ML ENGINEER - VOICE PIPELINE & DATA ARCHITECTURE

Mappa
Mappa

Software Engineering, IT, Data Science

Latin America

USD 3k-3k / month

Posted on Jun 23, 2026

ML ENGINEER - VOICE PIPELINE & DATA ARCHITECTURE

  • Full-Time
  • Remote
  • 3.000 USD

PROBLEMS WE'RE SOLVING

1. Data pipeline isn't architected for scale or evolution. We have a working voice model, but no systematic approach to gathering better training data, experimenting with new models, or understanding what's limiting our performance. Data collection is ad hoc. Model iterations are slow.

2. Inference cost and speed are bottlenecks. Our current model works, but we don't know if we're paying more than we need to, if it's slower than it could be, or if smaller, faster models could do the same job. No one is optimizing for inference efficiency.

3. Infrastructure is more complex than it needs to be. The pipeline works, but it's not designed with clarity.

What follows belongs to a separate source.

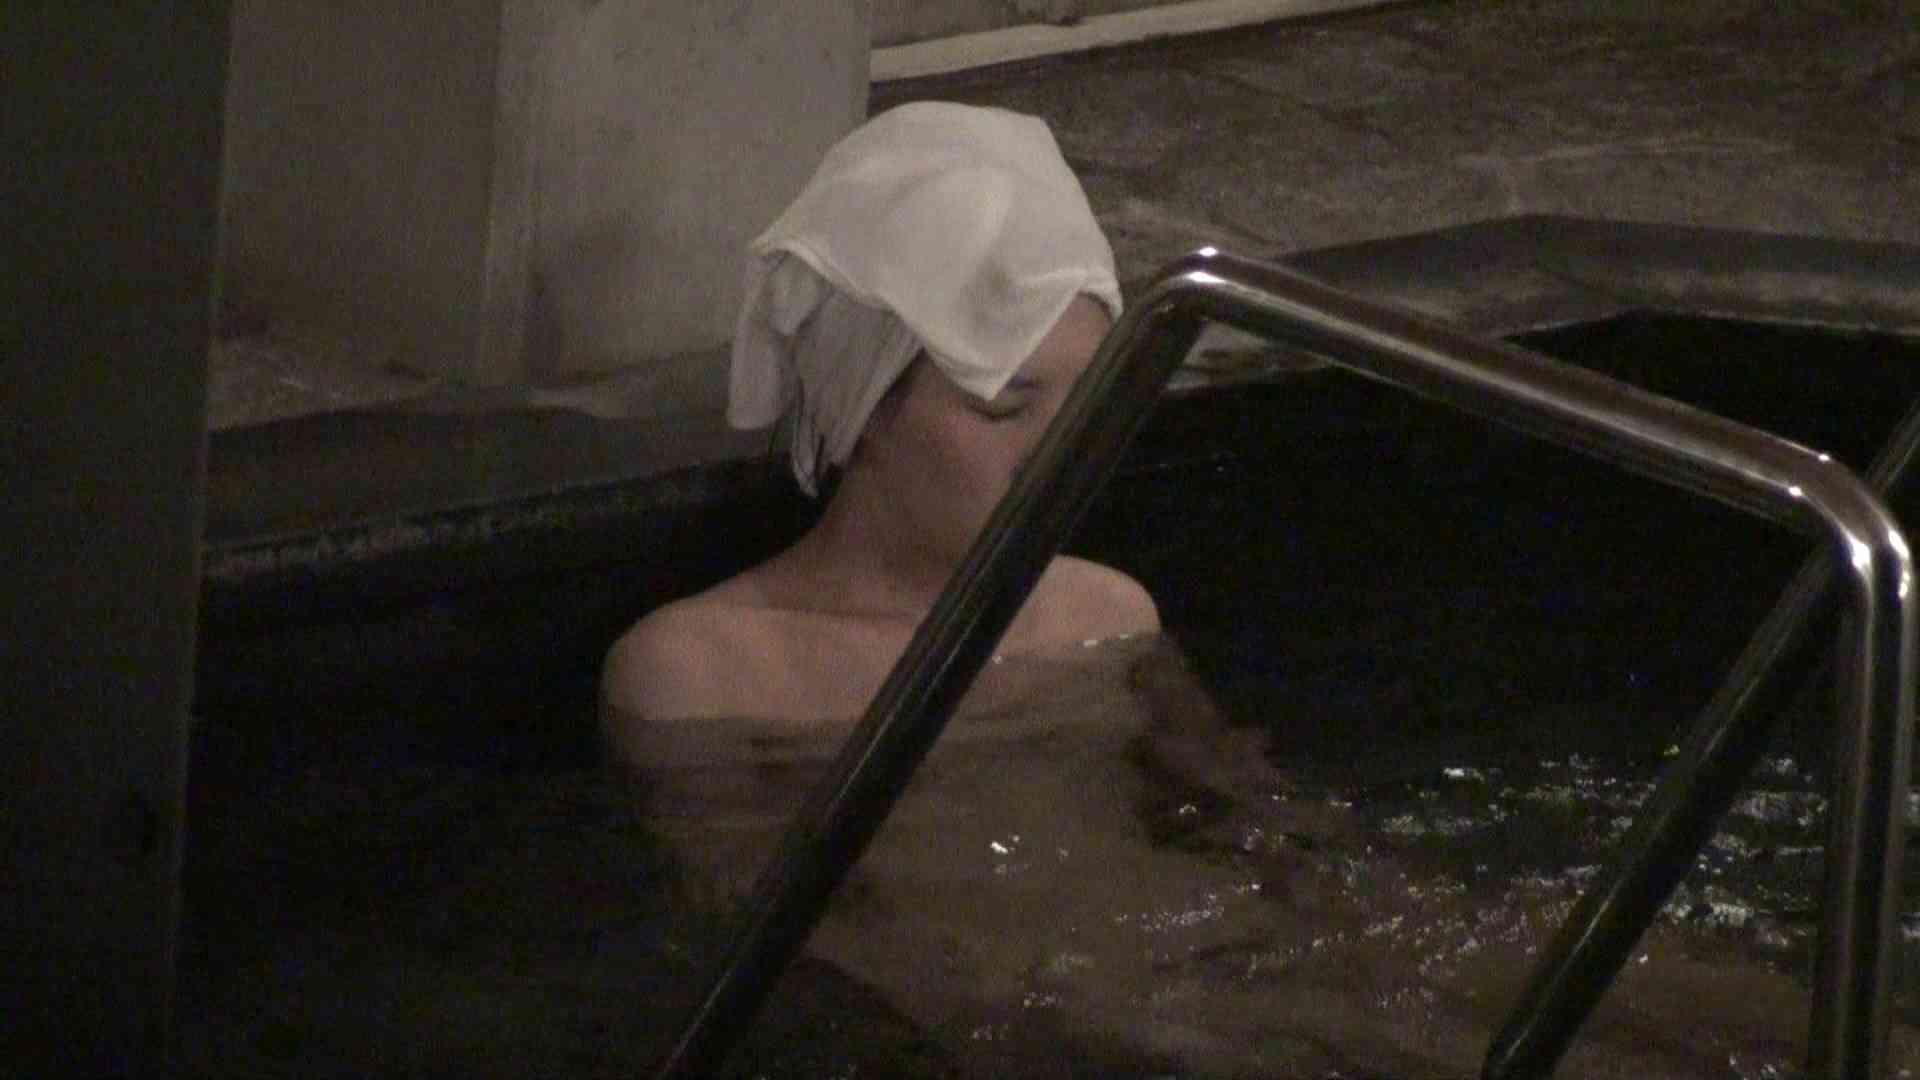 Aquaな露天風呂Vol.358 美しいOLの裸体 | 露天風呂突入  80pic 22

Too many moving parts, unclear data flow, operational complexity that costs money and attention.

4. No one is thinking structurally about what comes next. Where do we go from here? What data would unlock better predictions? Can we train on specific cohorts? Should we have multiple specialized models instead of one general one? These questions aren't being asked.

WHAT THIS PERSON DOES

Must have

- Have agency on evolution. You decide what the next model should be, what we should measure, where we should experiment. This is your strategy to own.

- AI-forward thinking: You work with AI tools, as part of your problem-solving toolkit. You use them to prototype, debug, explore data, and accelerate iteration. You understand their strengths and limitations. You're not afraid to experiment with AI assistance for model development, data pipeline work, or architectural thinking. You know when to use them and when to reach for traditional approaches.

- Own the data pipeline architecture end to end. Design how we collect, validate, label, and version training data. Build systems that scale as our data grows. Understand what data gaps are limiting model performance and how to fill them.

- Build and maintain production models. This is your work, not someone else's infrastructure. Train new models, evaluate them against production, decide when to ship. Understand why a model works and what breaks it.

- Think architecturally about the whole system. How does data gathering inform training? How does training inform serving? How does serving cost drive data strategy? You're not optimizing one piece; you're optimizing the system.

Could have

- Optimize for inference. Benchmark our current model on speed and cost. Experiment with quantization, distillation, smaller architectures, anything that gets us better performance per dollar. Own the inference pipeline: how data flows from Deepgram → model → output.

- Reduce complexity and cost. Look at the current pipeline, the infrastructure supporting it, the operational overhead. Simplify. Move away from things we don't need. Make the system smaller and faster, not bigger and slower.

HARD SKILLS REQUIRED

Must have

- ML fundamentals and production experience. You've trained models, evaluated them, shipped them. You understand PyTorch or TensorFlow deeply. You know the difference between a model that works in notebooks and one that works in production.

- Audio and voice processing. You understand audio pipelines, speaker diarization, audio feature extraction, speech-to-text APIs. You can debug when Deepgram output is wrong, when audio preprocessing is the bottleneck, when we're losing signal in the pipeline.

- Data engineering and pipeline design. You can design systems to collect, validate, version, and serve training data at scale. You understand data quality, labeling workflows, and how bad data breaks everything.

- Model optimization. You've done inference optimization: quantization, pruning, distillation, architecture search. You know how to make models smaller and faster without losing accuracy.

- Python (primary). This is where the work lives: training scripts, data pipelines, experimentation. You're fluent here.

- SQL and data fundamentals. You read and write SQL. You can query what's in our databases and understand what data we have to work with.

Could have

- Infrastructure and deployment (secondary). You don't need to be a DevOps engineer, but you need to understand how models move from training to production, how they're monitored, what happens when they fail. You know Modal, containerization, async jobs.

SOFT SKILLS / BEHAVIOR EXPECTATIONS

Must have

- Architectural thinking over parching now, fixing later. You see a problem and you think about the system that created it, not just the immediate fix. When inference is slow, you're not just tweaking the current model; you're asking if the architecture is right.

- Bias toward simplicity and clarity. You prefer a pipeline you can trace versus one that's theoretically optimal but nobody understands. You remove steps, not add them.

- Agency in uncertainty. You make decisions when data is incomplete. You run experiments to answer questions, not ask for permission to start. You're comfortable saying "this is the direction we should go" and explaining why.

- Rigor about measurement. You don't ship a model without understanding how it compares to the current one. You benchmark inference speed, cost, accuracy. You know what you optimized for and what you might have lost.

- Curiosity about the real constraints. You ask: What's actually limiting us? Cost, latency, accuracy, data? You dig into the numbers before deciding what to optimize.